Our service industry has been decimated by social imposed and government-imposed lockdowns and it is uncertain when we will sociologically begin to normalise behaviours that may rekindle the services industry.

Meanwhile, central bank intervention has been the largest ever, and their ability to wind-back these current policies is uncertain.

Government “stimulus” or “life support” policies have increased disposable incomes around the globe, for portions of society with the highest measurable propensity to consume. While this income has been held as savings for now, there is an uncertain point in time where the savings may be invested or spent.

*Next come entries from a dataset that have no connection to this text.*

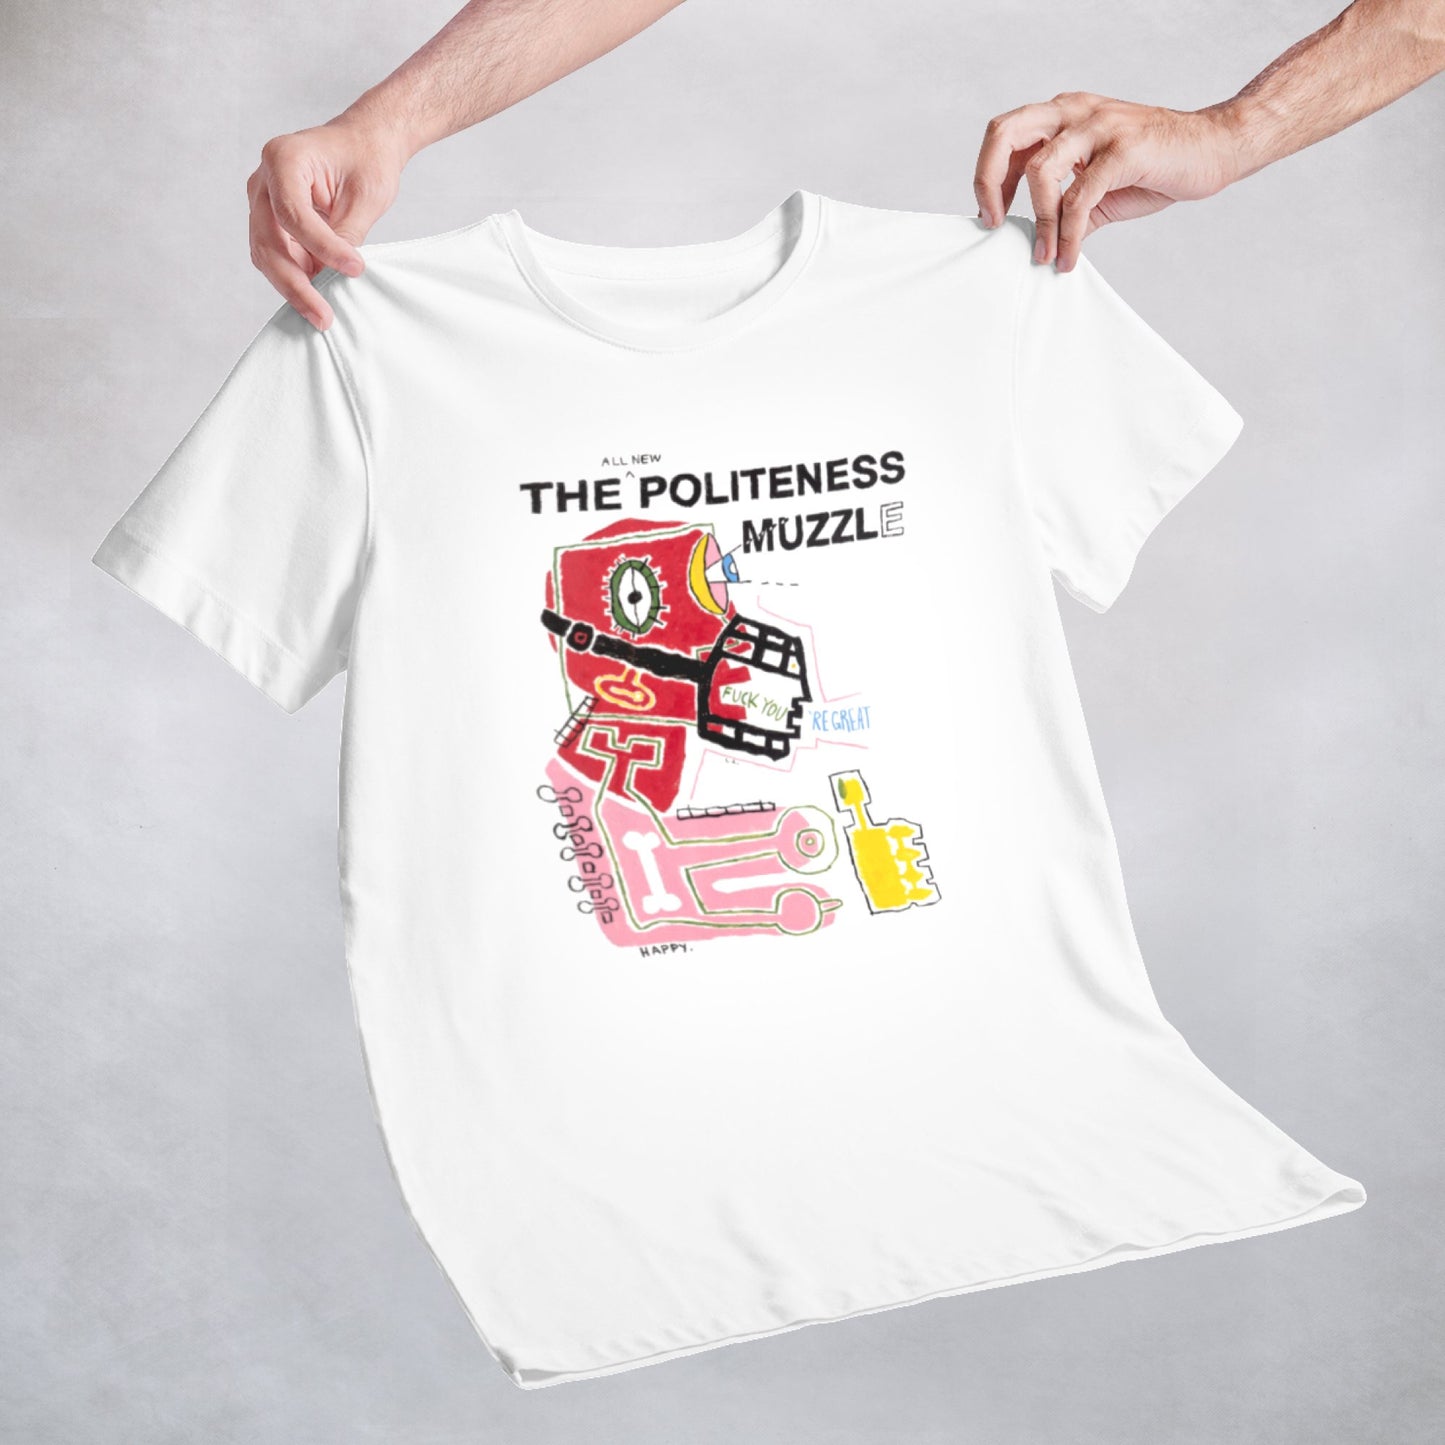 Classy Duds Short Sleeve T-Shirts Politeness Muzzle Tee by Happy Thrilmore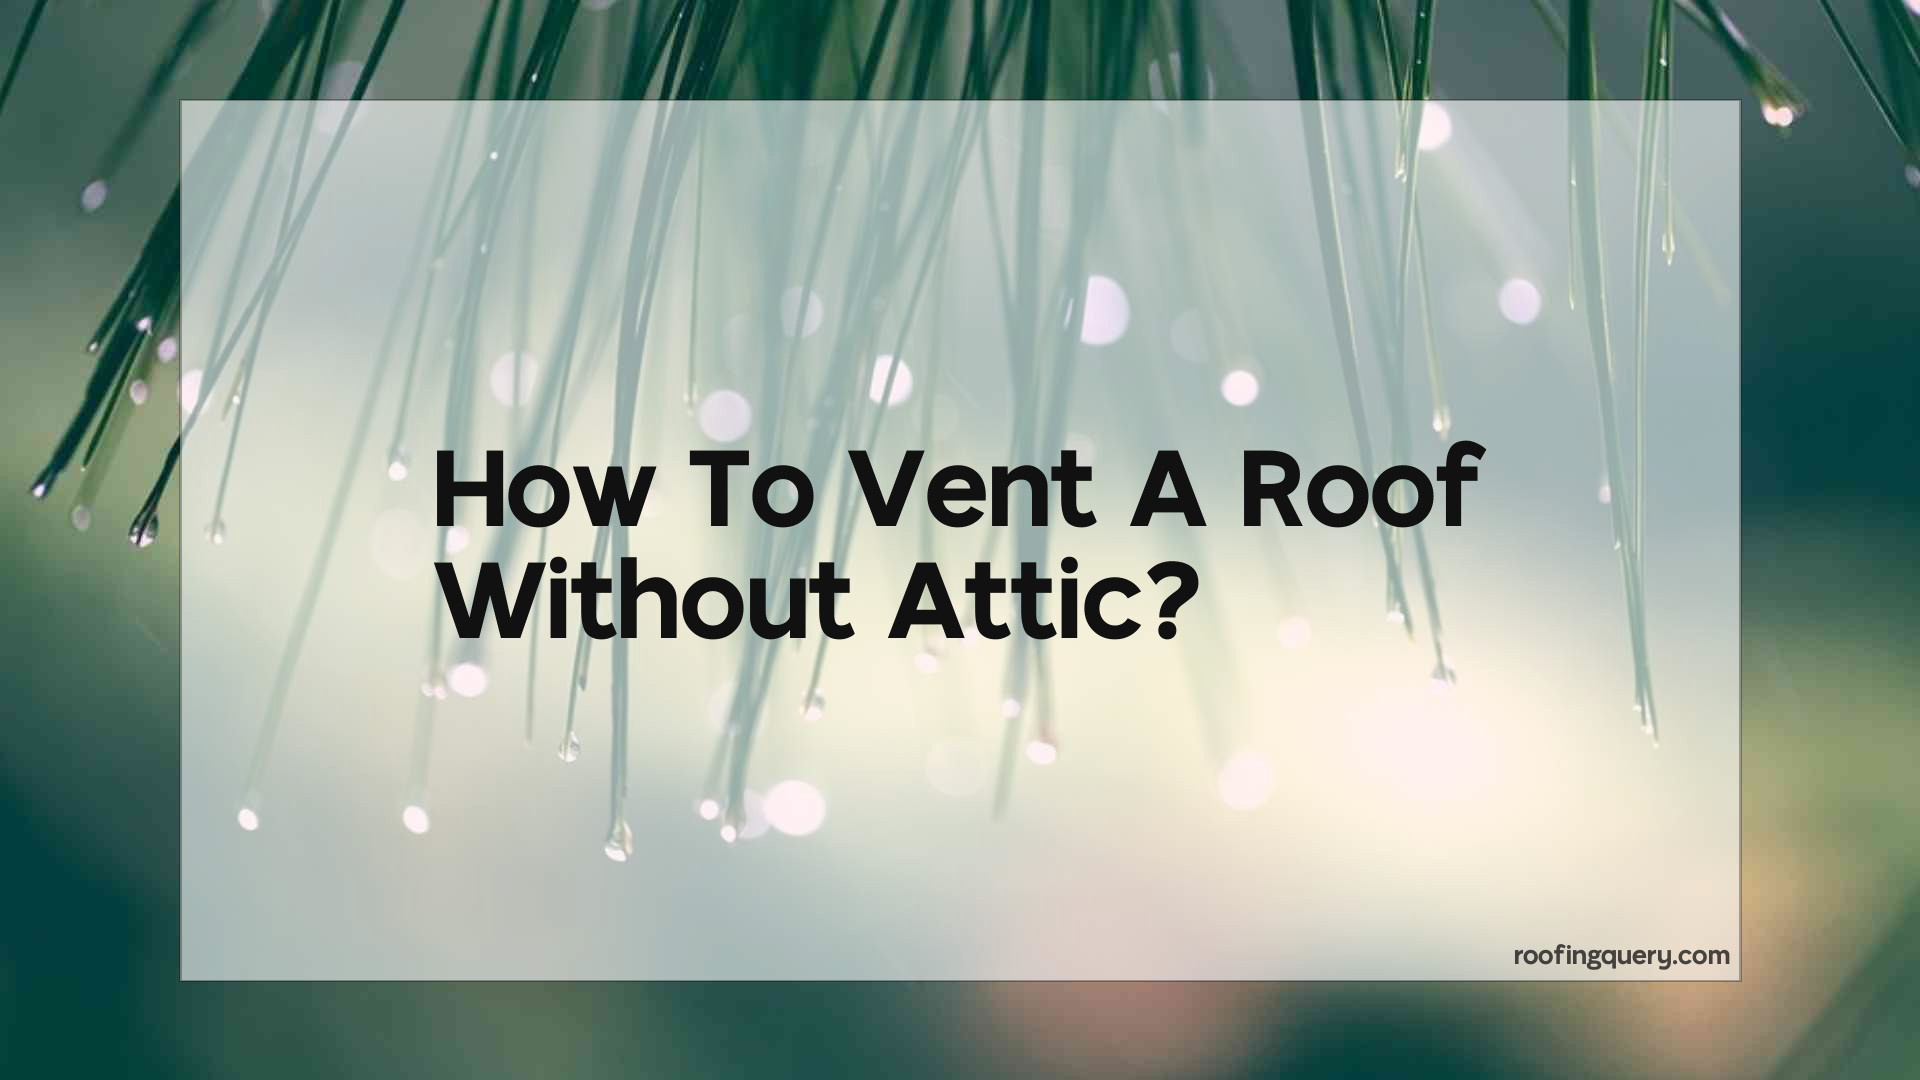 How To Vent A Roof Without Attic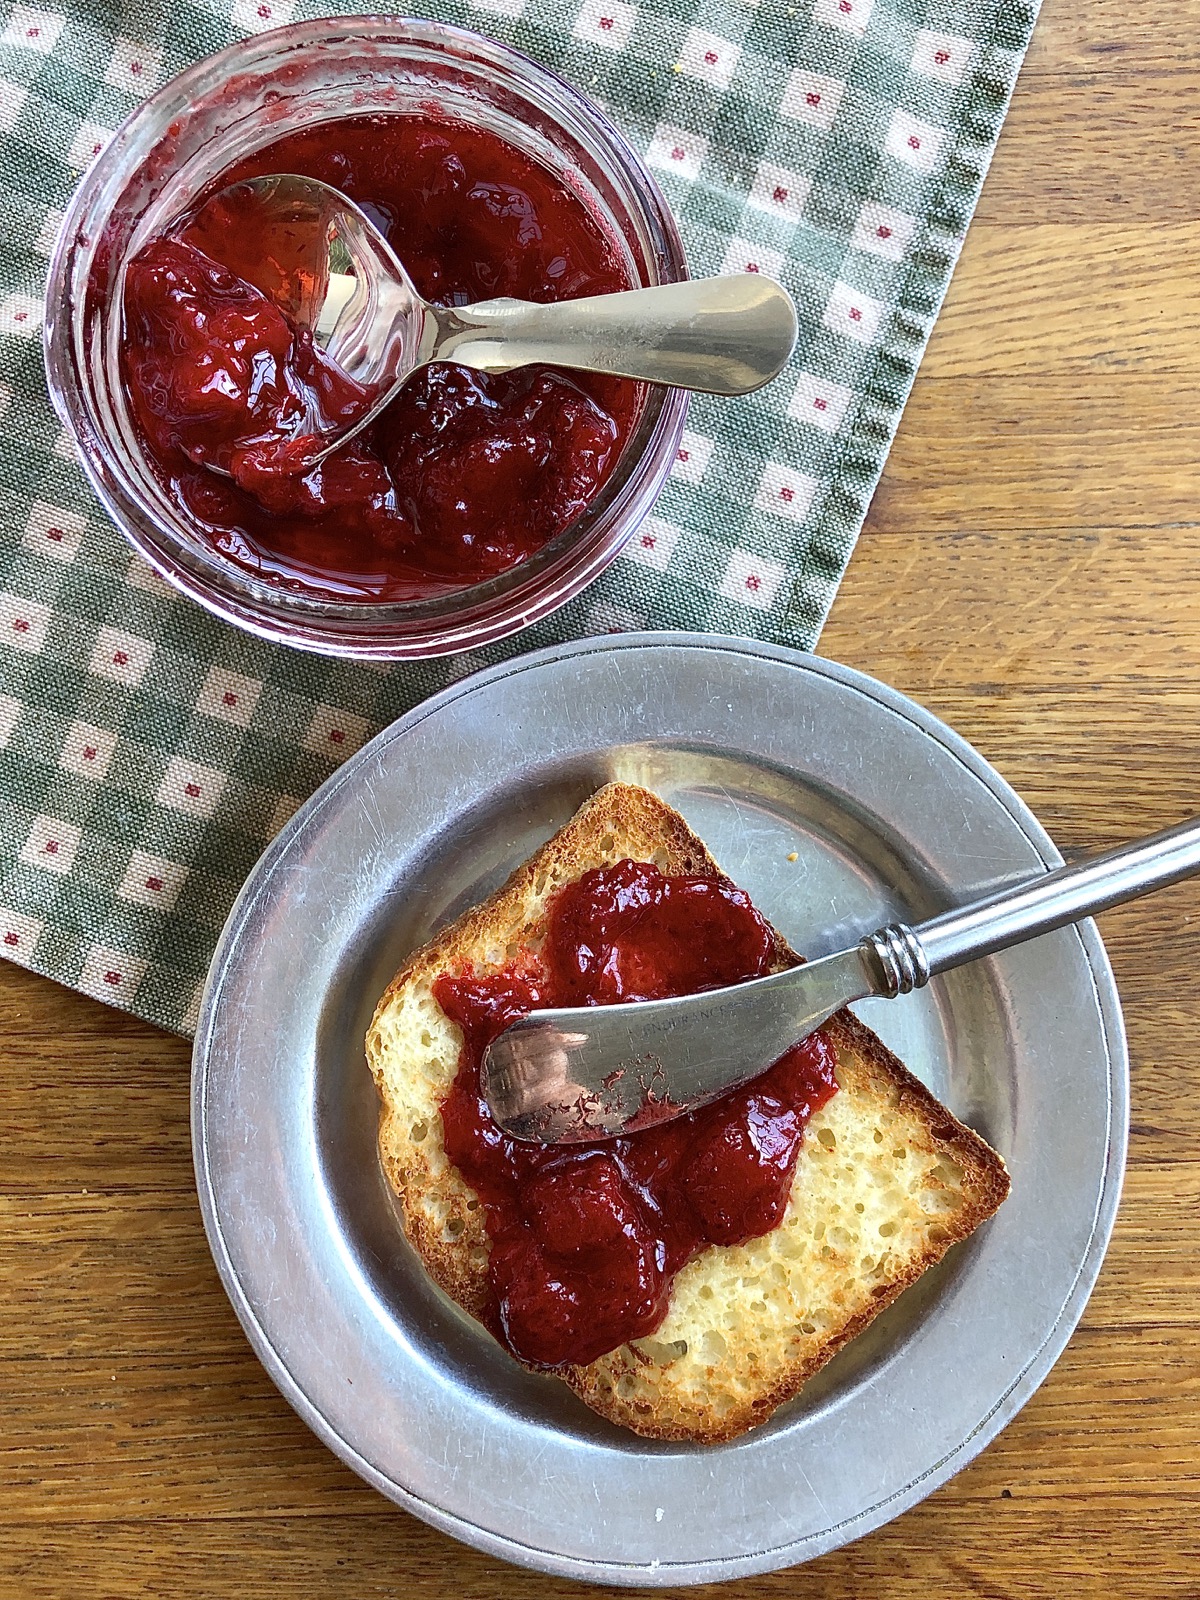 Slice of buttered toast with strawberry jam, jar of jam with spoon.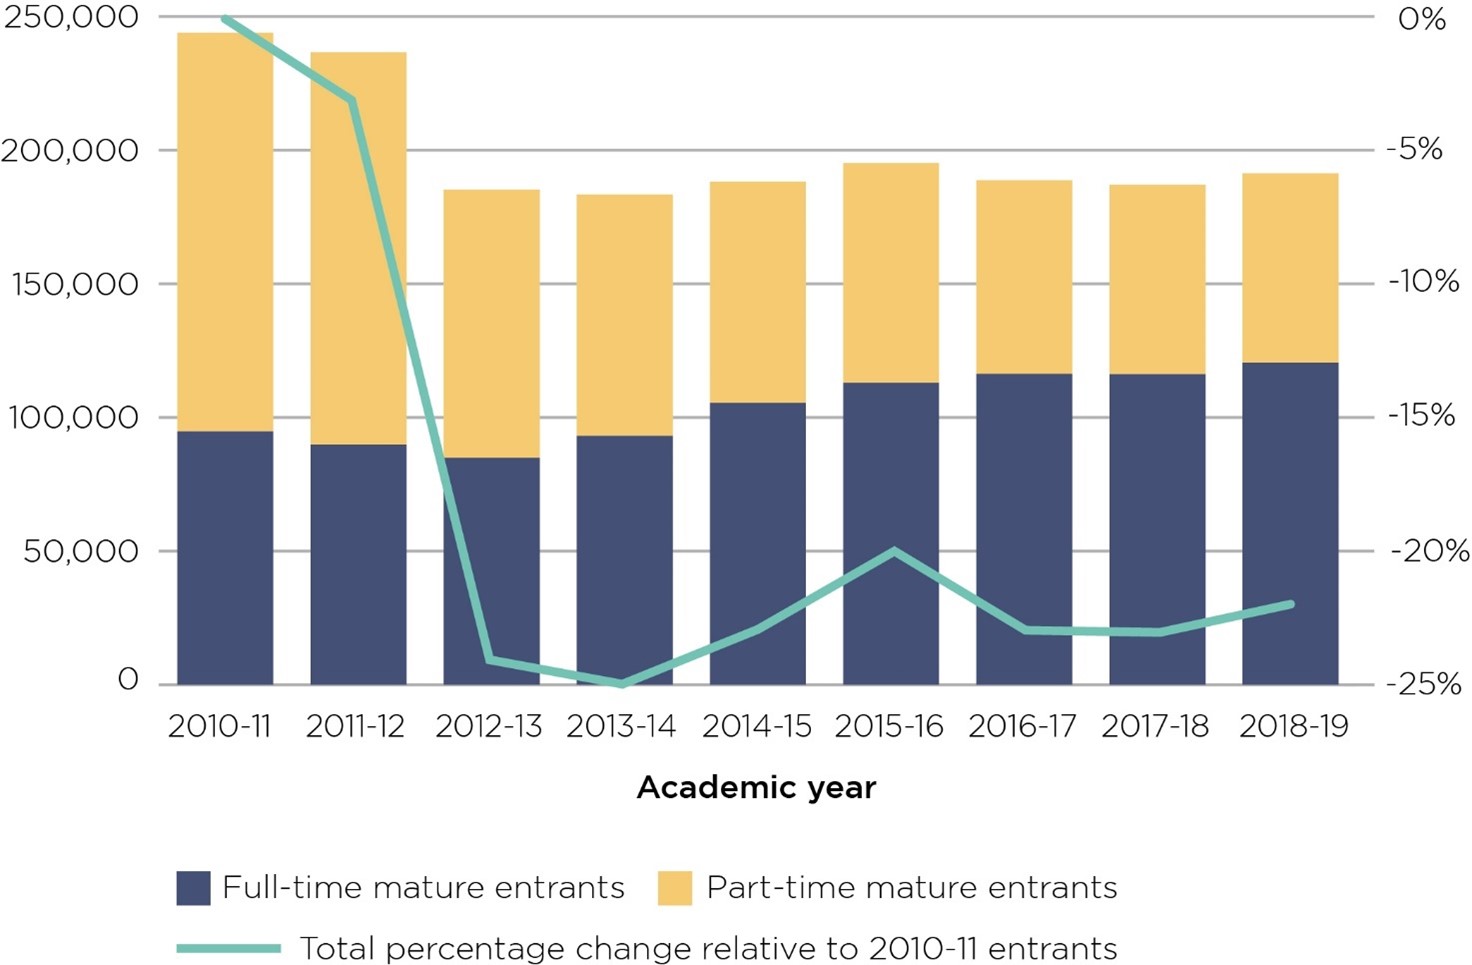 Figure 6: Number of mature undergraduate entrants to English higher education providers

Furthermore, global trade issues are a more common occurrence, with tariffs being proposed in the middle of a recession – something that was done in the US that exacerbated the Great Depression (read: Smoot Hawley Act).

Global trade and “outsourcing” were contributory to the disinflationary environment of the last 30 years, where higher domestic wages were not a contributor to price increase as manufacturing was offshore. So even if no further tariffs are enacted, “protectionist” trade policies may see higher domestic inflation.

However, the “working class” or the bottom two quintiles of earners in developed economies will be the last to see any form of economic recovery. This is physical labour and primary industry that can’t “work from home” as tertiary industry can. These are people that are having to deal with no work, a possible “fiscal cliff” when government support ends whilst a slow protracted return from unemployment as the economic recovery will be slow and re-hiring uncertain.

And lastly, both entrepreneurs and technology will be transformational for economy after the crisis. Those with capital and entrepreneurial spirit will be able to build new business out of old, and possibly glean new industry that arises from this crisis that never existed before.

As well, technology is already transforming our lives with or without COVID-19. Elon Musk just launched and landed a massive rocket, a very visible sign of the technological advancements happening around the world. Quantum computing, virtual reality, cloud computing, AI, “internet of things”, blockchain etc all may change the way the way we conduct our daily lives.

And hey, maybe quantum computing may help compute these multi-body problems and help us assess future risks from uncertain events!

The views expressed in this article are the views of the stated author as at the date published and are subject to change based on markets and other conditions. Past performance is not a reliable indicator of future performance. Mason Stevens is only providing general advice in providing this information. You should consider this information, along with all your other investments and strategies when assessing the appropriateness of the information to your individual circumstances. Mason Stevens and its associates and their respective directors and other staff each declare that they may hold interests in securities and/or earn fees or other benefits from transactions arising as a result of information contained in this article.